Nothing mentioned above has any impact right now - apart from maybe a renaming of "Resolution" ;-)

antolinos commented 8 months ago

Hi @CV-GPhL

I remember discussing 'aimed resolution' and 'required resolution' for quite a long time in a recent meeting. It was also mentioned the word 'desired'.

I have no say about this. My opinion, at this stage of the project, is to encourage more scientists to participate in the discussions. I've tried to involve some at the ESRF with little (or zero) success

Is there a style guide about upper/lower-casing ("Resolution" vs "multiplicity")?

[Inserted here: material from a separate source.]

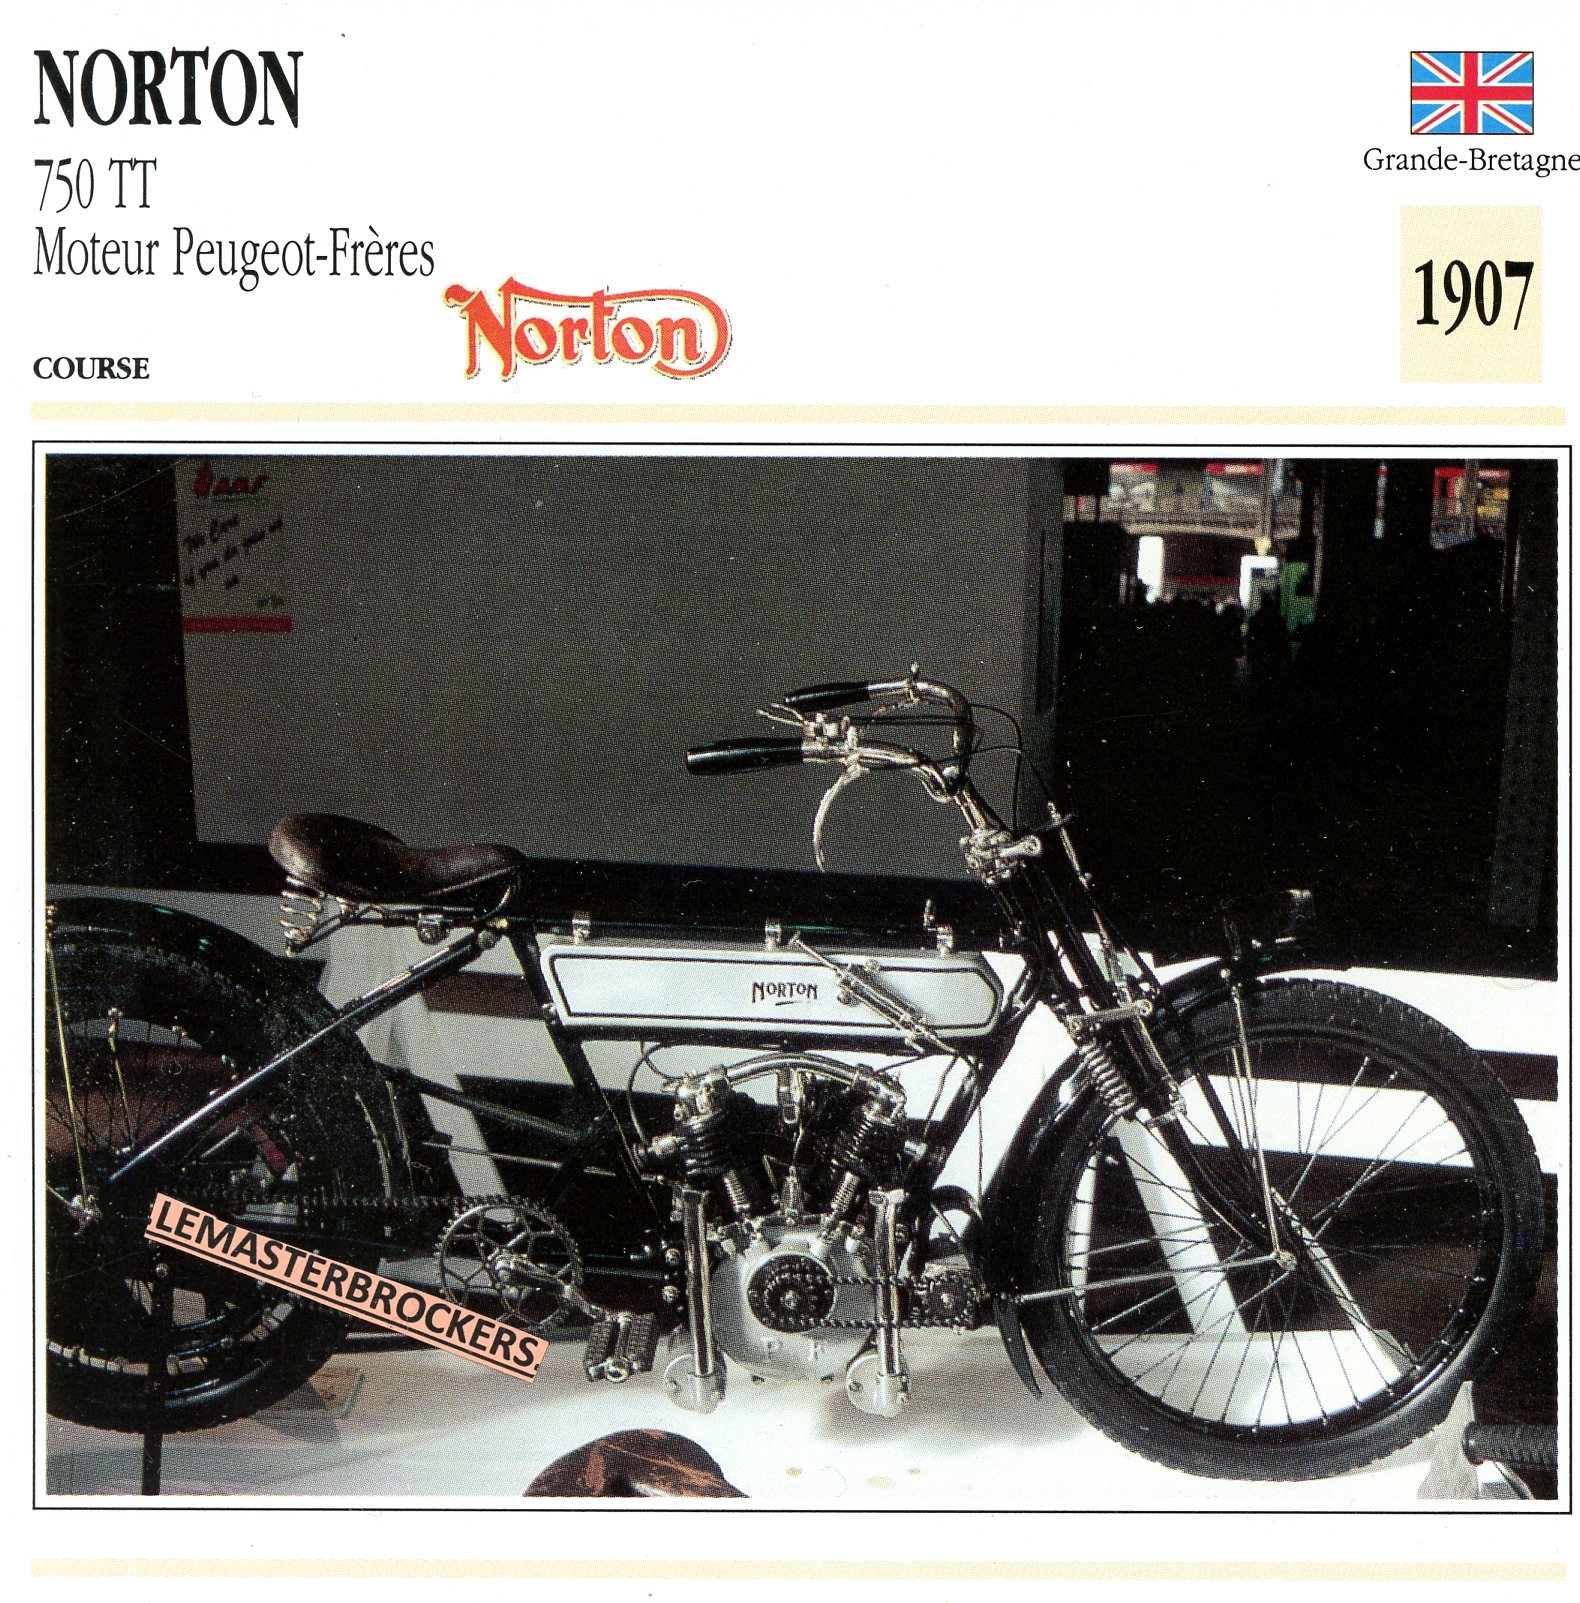 NORTON-750TT-PEUGEOT-FRÈRES-1907-FICHE-MOTO-ATLAS-lemasterbrockers-CARD-MOTORCYCLE

At least in my case, I have just copied and pasted what we have in the CSV example template. It is only for listing purposes. This should not be considered as the final name that will be used to define the metadata in the catalog, where I presume each implementation will have its own styles.

CV-GPhL commented 8 months ago

@antolinos,

As I said, this kind of discussion is maybe a bit too early (and others might join in at later stages). What is important is that a discussion about the "proper" (whatever that means) scientific definition of various categories has to happen before anything goes into production. At the moment we shouldn't really care what a box is called - it's just a name after all with only a very rough meaning.